I've written previously about lessons that can be learned from business professionals tasked with leading law firms toward a more profitable future. These professionals bring fresh perspectives and different ideas to the business of law, helping the law firms they serve to find new and innovative ways to run their businesses.
But smaller law firms may not have these sorts of dedicated professionals on staff. This is not to say that smaller law firms don't have access to a wide range of resources for innovative ideas.
In the past, I have written about how small law firms must manage their resources wisely with a particular focus on human capital. In a prior article, I wrote about the need to assure that matters are being staffed by appropriate resources at the appropriate level. However, managing the human resources of a law firm does not just involve how they are staffed and who is doing what task. It also means empowering law firm staff to drive the law firm forward toward a more successful future.
As we look at the results of the Small Law Firm Business Leaders Report, we see that these business leaders are tasked with a wide variety of jobs, and generally feel supported and empowered to drive what they view as needed change within their law firms. However, they are less convinced the partners at their firms are truly committed to changing the way legal services are delivered to clients.
While 85% of small law firm business leaders agreed with the statement that they are empowered to drive change within their firms; only 21% agreed that there is a strong commitment to changing legal service delivery among the partners.

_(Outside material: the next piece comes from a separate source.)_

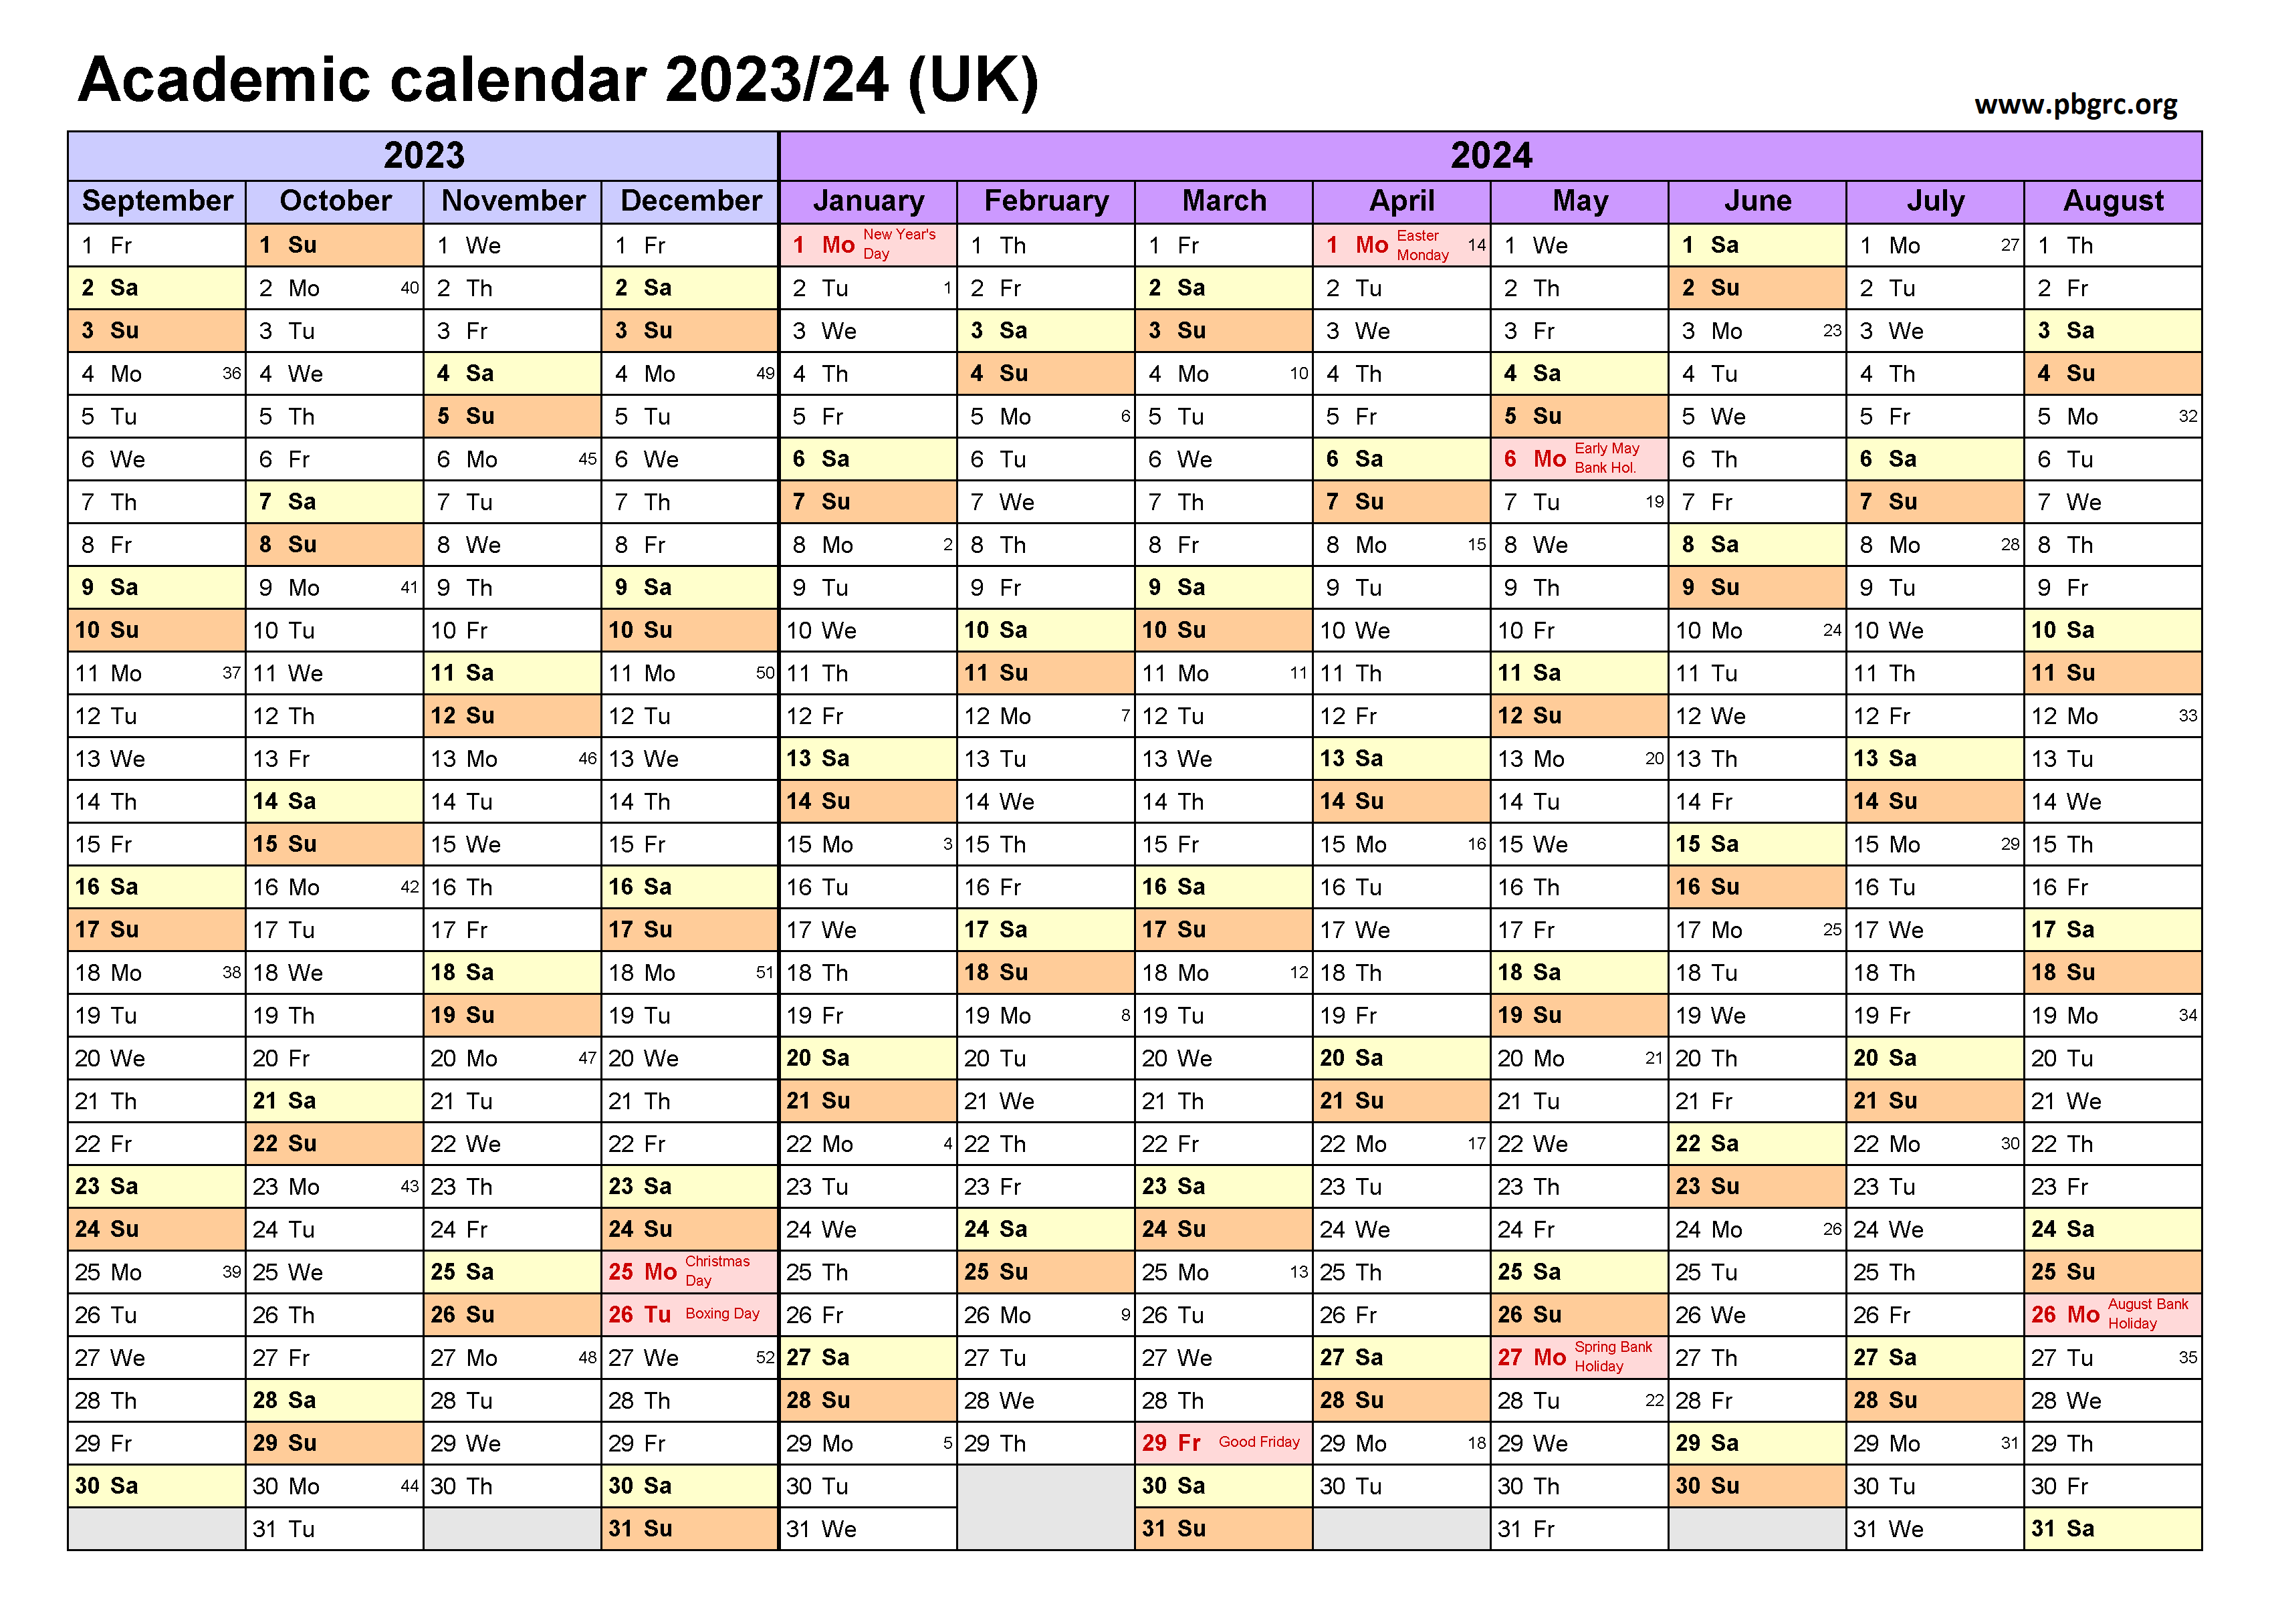 Academic Calendar 2023 to 2024 Templates

This partial disconnect is further reinforced -- fully 57% of the law firm of small law firm business leaders disagree with the latter statement.
This is how you might think about it in the context of your firm. Would you consider your partners or even yourself to be strongly committed to the idea of changing how you deliver legal services to your clients, even if your clients have not specifically requested certain changes? What are some examples of your commitment?
And perhaps the more difficult question to answer is this: How do you think your staff would answer those questions?
So, would you believe that your staff will agree with you that you are willing to make changes? Are you giving them any reason to believe that you will listen to them and put their ideas into action if they are in the best interest of your clients? Finally, would your staff agree that they are empowered in driving change within your company?
I worry that many firms succumb to the temptation to do things the same way as they've done them in the past and neglect to find innovative solutions for their clients' problems. It is unfortunately part of human nature. This affects how we work. At the same time, even those firms that are interested in trying new things on behalf of their clients may limit the sources of those ideas to their attorneys. In a small law firm with a limited number of people, however, this could greatly restrict the pool of potential ideas to a very small number of people.
However, not all good ideas originate from places we expect.
You might be able to see that we would never have landed in the moon except for one individual who took a leap of faith and went around the chain for support. John Houbolt (a NASA engineer) wrote to NASA in 1961 recommending that a moon landing strategy be called "lunar or orbit rendezvous." Although this was one among three possible lunar-landing strategies being considered by NASA, it was the least likely to ever be used. NASA adopted the lunar orbit rendezvous method to land a man on the Moon less than a year later, thanks in large part because of Houbolt’s advocacy.
NASA could have spent decades pursuing a strategy that was ultimately ineffective for landing man on the moon. NASA leadership may not have been open and willing to consider ideas outside the traditional channels. This incredible event would not have catalyzed innovation, growth and success that spanned the globe.
Houbolt wrote to NASA directors describing himself as "a Voice in the Wilderness."
Let's return our focus to your law firm. Do you have a "voice in the wilderness"? Or, to put it another manner, do your employees feel confident raising their voices in support of new and better ways to get the right answer? Is it possible for your staff to feel empowered and to advocate for change? Do they believe you are dedicated to helping clients get better service?
These are, without any doubt, difficult questions.
So what changes are you open and willing to make? You might consider adopting new technologies, changing your billing system, looking at your workflows to find inefficiencies, and changing how your firm is presented to the public.
Consider new opinions to help you make the right decisions about how to position your law firm for future success. It could be articles from online sources. You could learn from the leaders of other law firms, which may be as large or even larger than yours. It could also be tapping into the knowledge and experience of staff members already employed in your firm.
The truth is that we do not know where the best answers will come from. However, it is important to give them a place to come up, listen to their ideas, and then act when they make an impact on the direction and change you want.
Opinions expressed here are the authors. These views do not reflect the views expressed by Reuters News. Reuters News adheres to the Trust Principles and is committed to integrity. Thomson Reuters Institute, which is owned by Thomson Reuters, operates independently from Reuters News.
Mark Haddad is the current General Manager for the Small Law Firm business of Thomson Reuters. Mark has worked at Thomson Reuters for 17 of his years. Haddad was previously Vice President of the Government Sales and Client Management Channel. Prior to leading the channel, Haddad served as Vice-President of the Corporate Segment in Legal. Haddad started his career in the legal sector as an associate at Oppenheimer Wolff Donnelly, now Fox Rothschild. He specialized in MA and public security work. He earned his J.D. He also received his B.S.B and J.D. degrees from the University of Minnesota Twin Cities in Minneapolis.